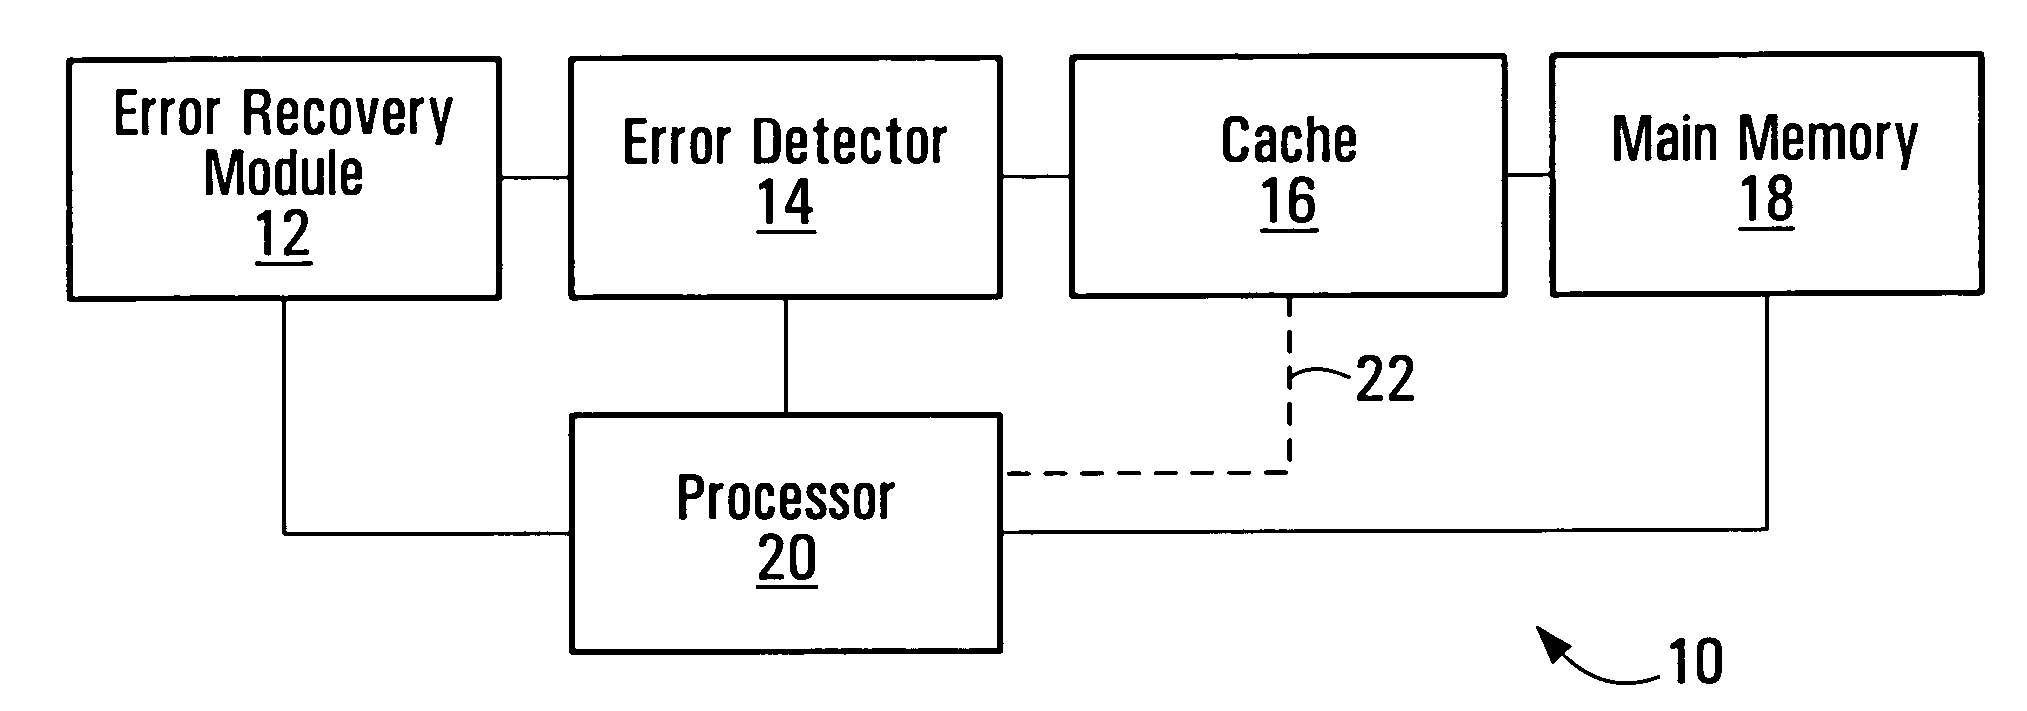 Information error recovery apparatus and methods
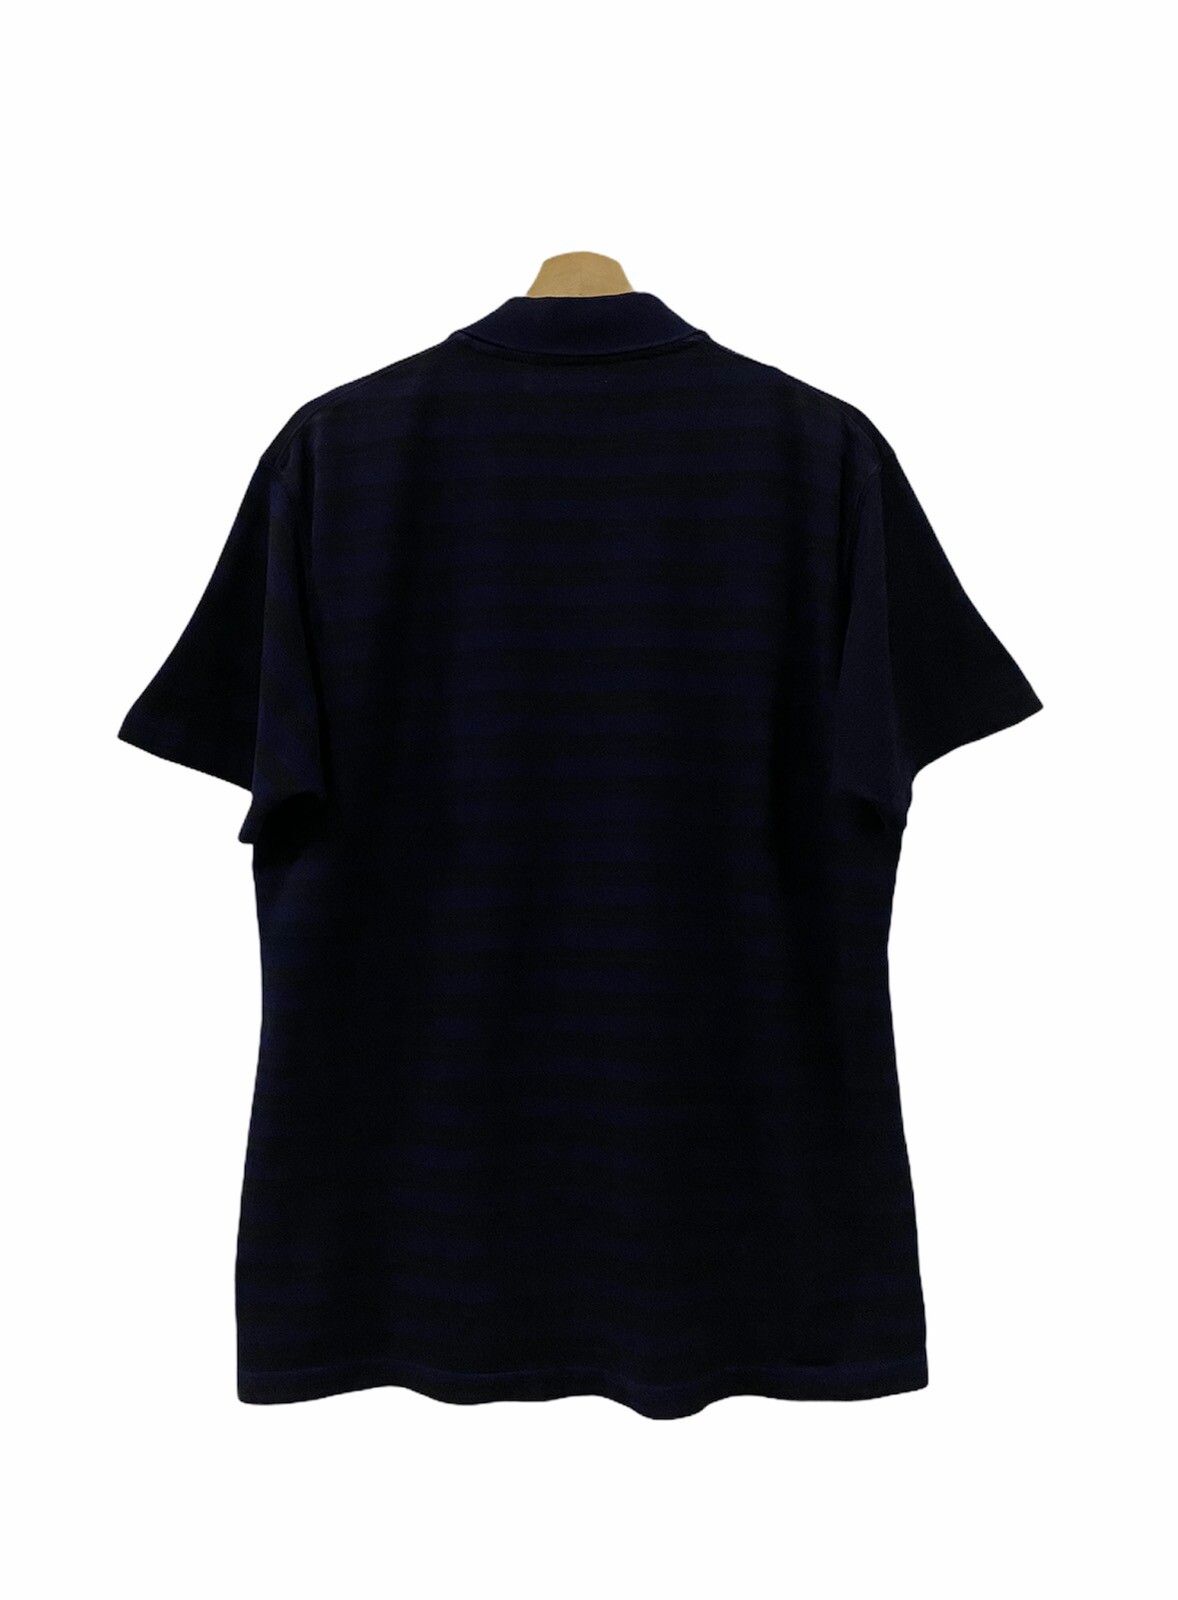 Rare Enginereed Garment Uniqlo Reconstructed Striped Pocket - 4
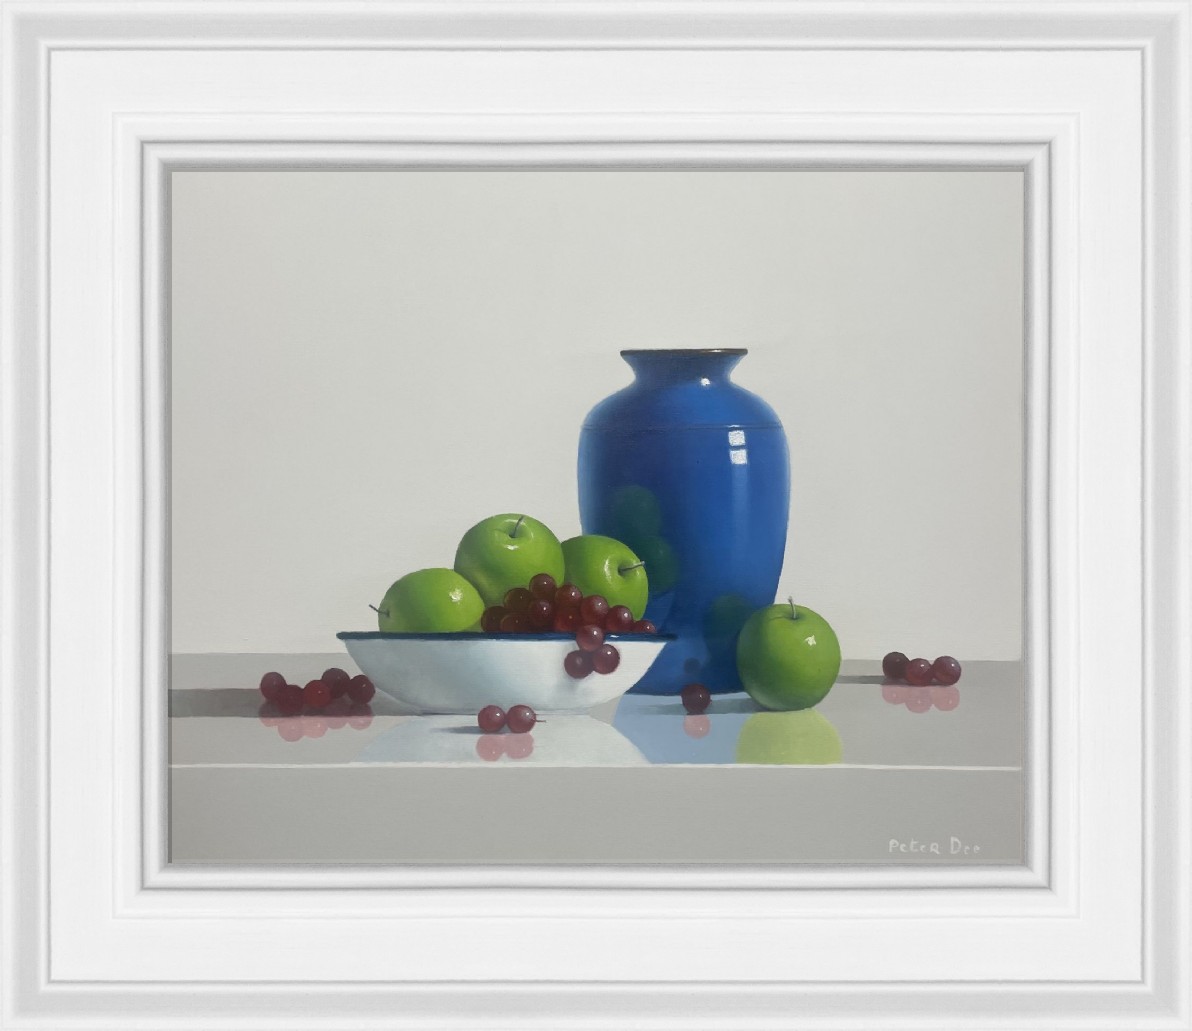 Blue Vase and White Bowl with Apples and Grapes by Peter Dee
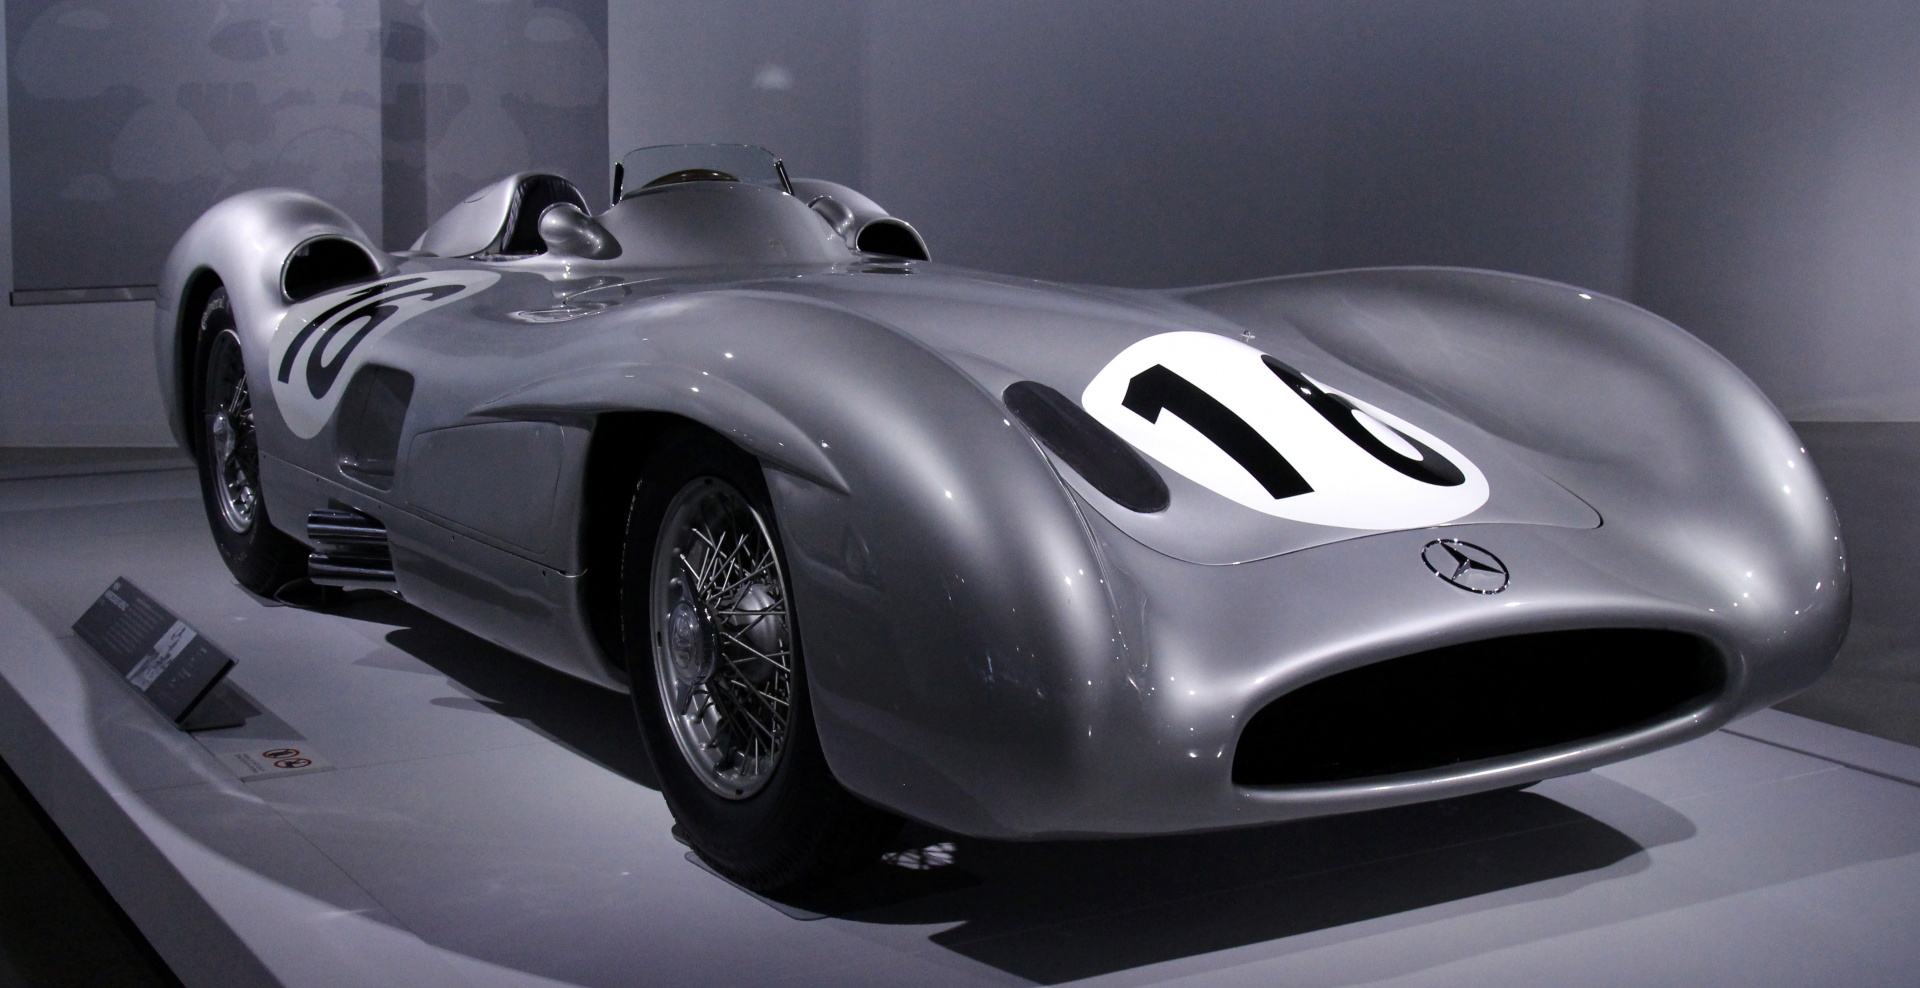 Top 10 Most Expensive Cars In The World - Of All Time

▸ ACTION ITEM
The listing above must be printed again exactly, minus its pictures.

▸ WRITTEN SOLUTION
 Information error recovery apparatus and methods
 Rare Enginereed Garment Uniqlo Reconstructed Striped Pocket - 4
 Blue Vase and White Bowl with Apples and Grapes by Peter Dee
 Top 10 Most Expensive Cars In The World - Of All Time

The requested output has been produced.